REQUIREMENT:
Your task is to reproduce exactly the lines from the one containing "Original 1960 Pattern" through the last line below, both ends included, and nothing else, with no pictures.

MATERIAL PROVIDED:
----------------

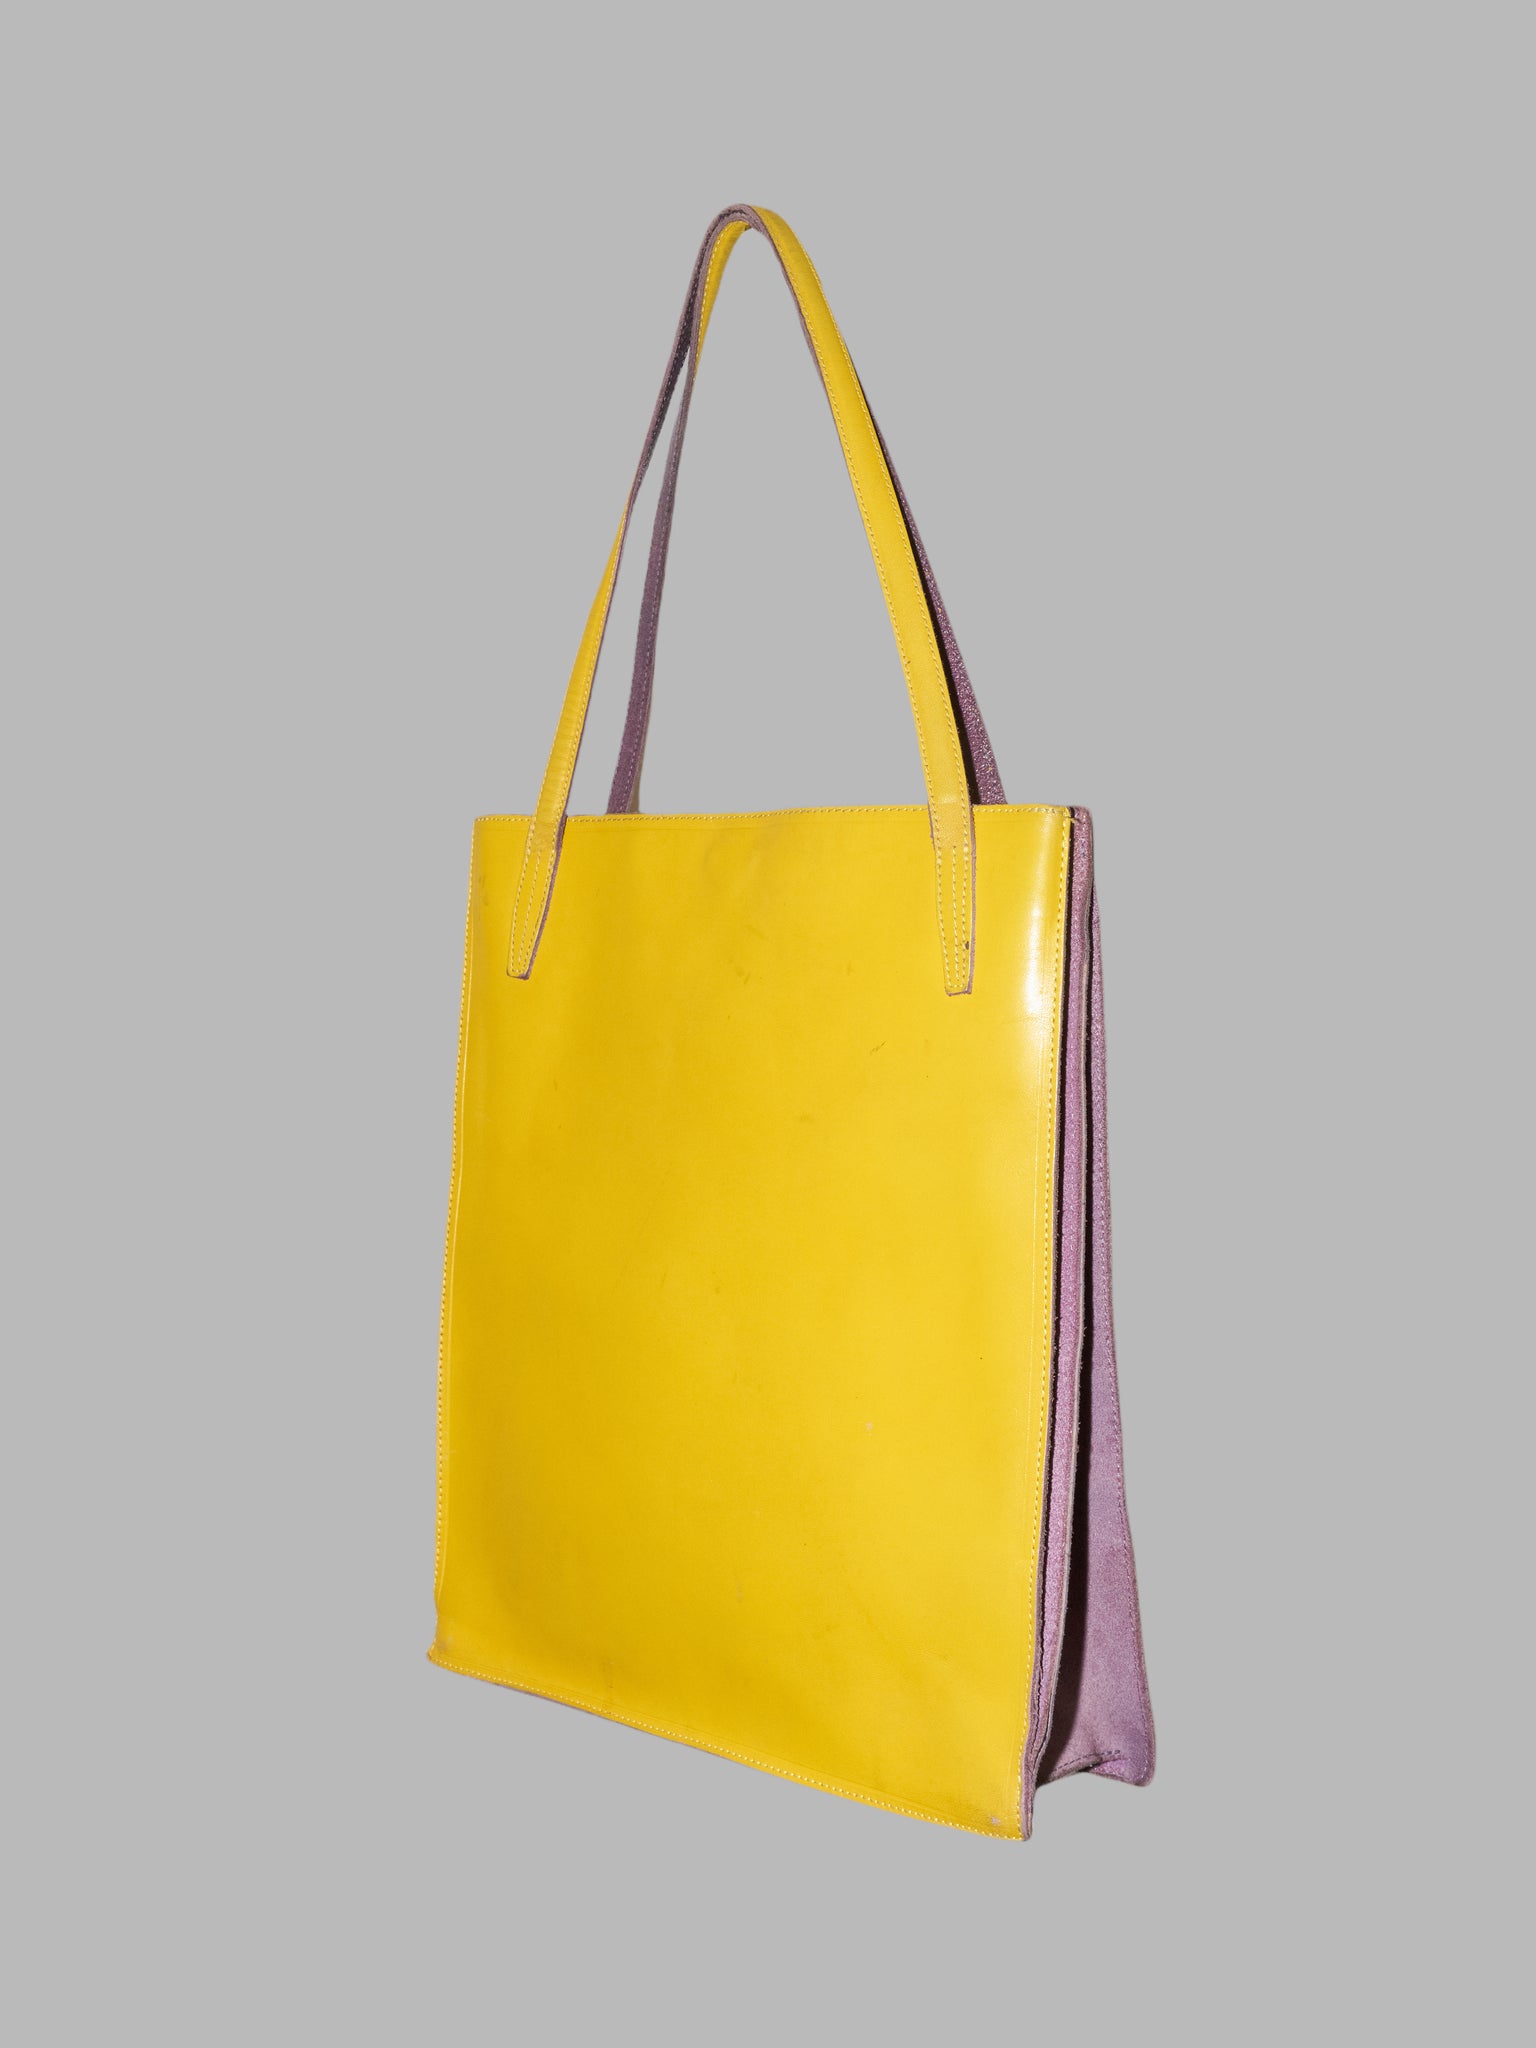 Masaki Matsushima Paris yellow and purple cowhide leather tote bag
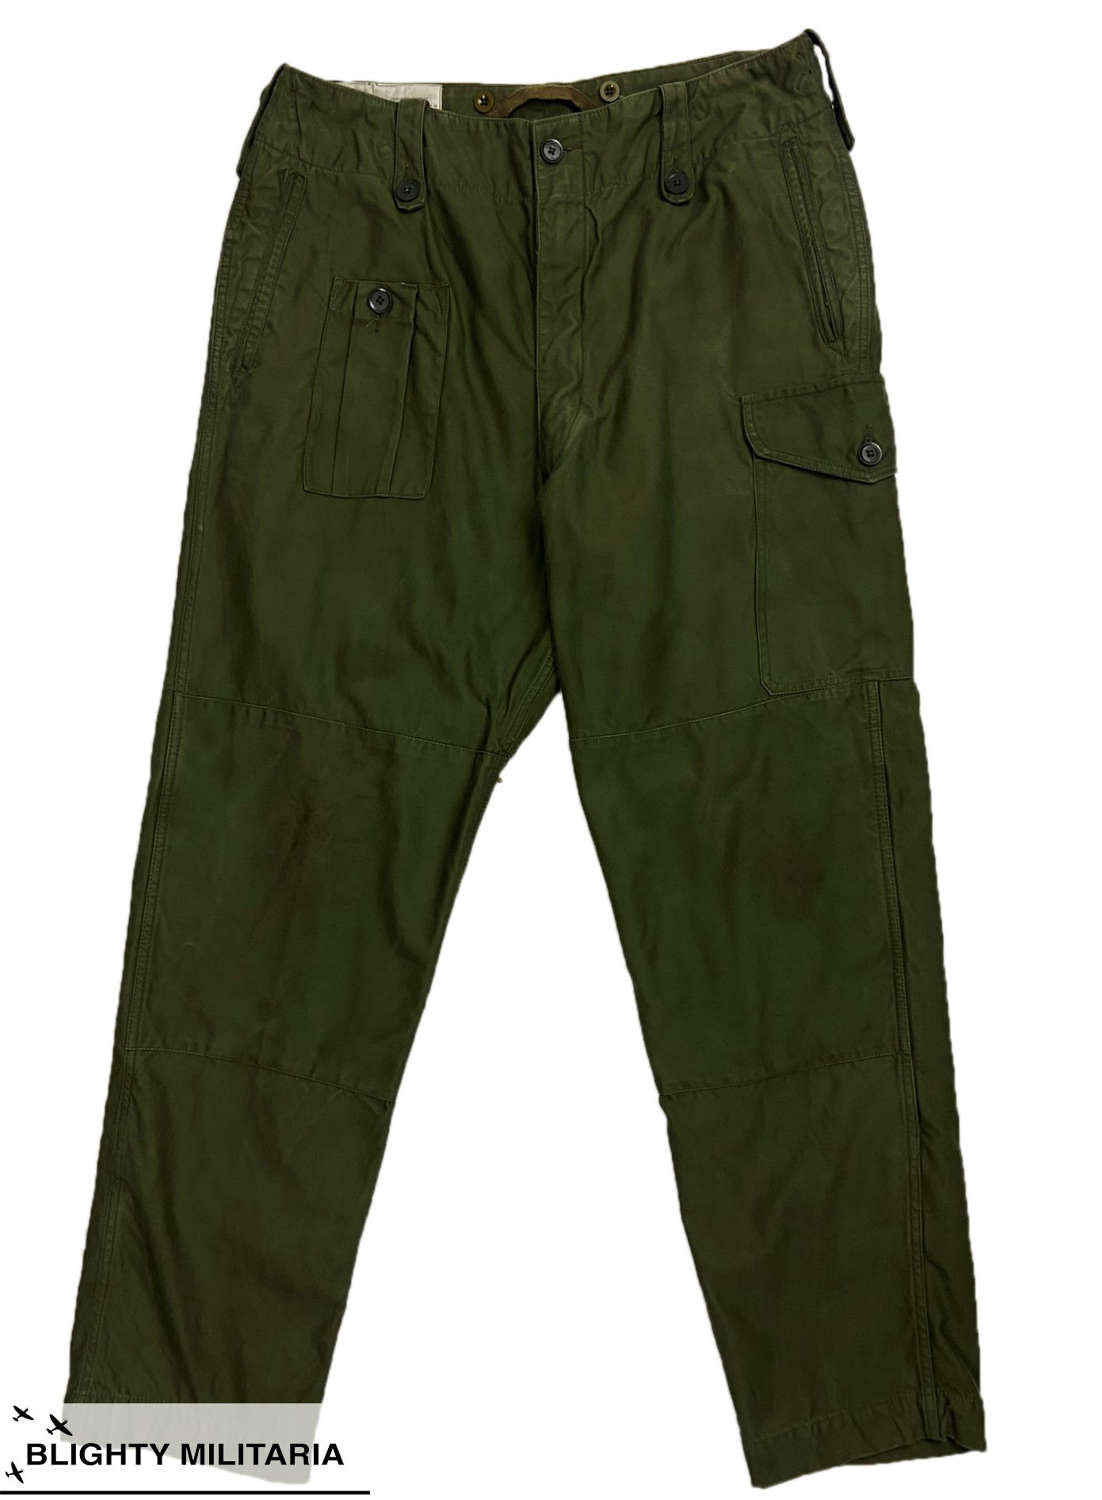 Original 1960 Pattern Combat Trousers - Size 6
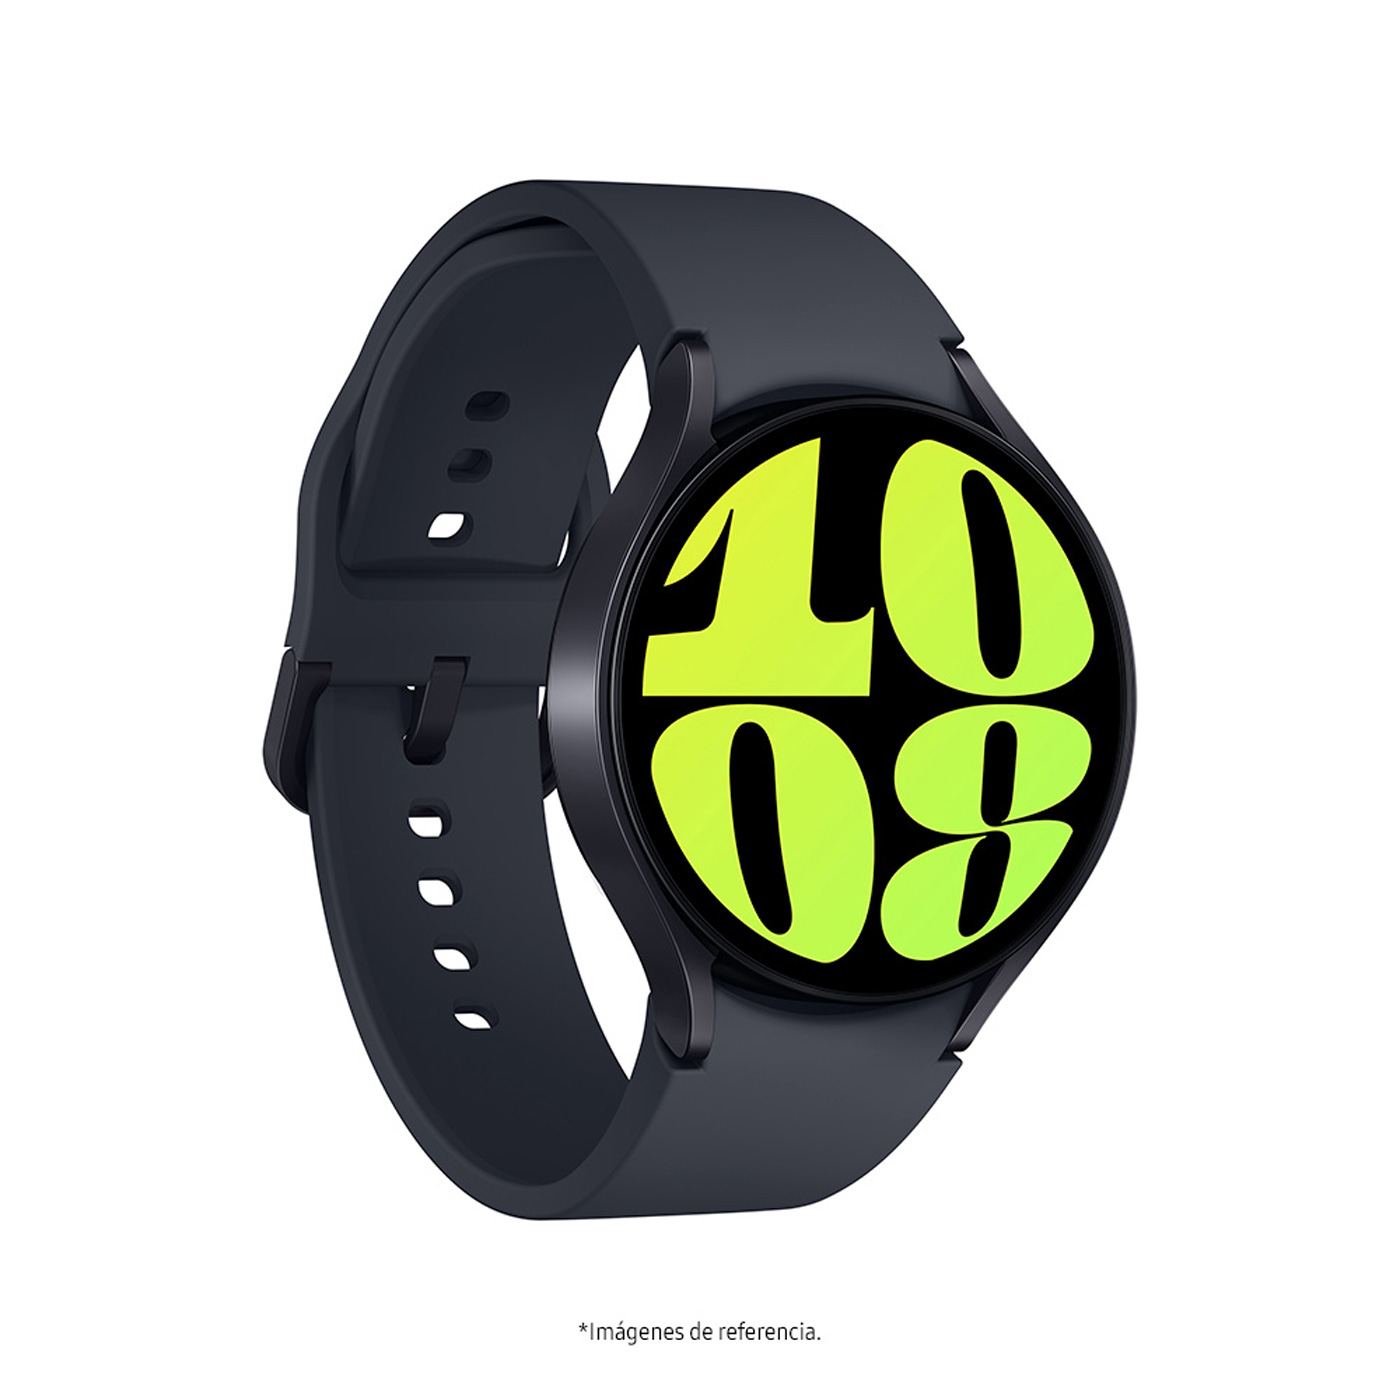 Samsung Galaxy Watch Series 6 – 44mm Aluminum Smartwatch - Black

----------------

OUTPUT:
 Original 1960 Pattern Combat Trousers - Size 6
 Samsung Galaxy Watch Series 6 – 44mm Aluminum Smartwatch - Black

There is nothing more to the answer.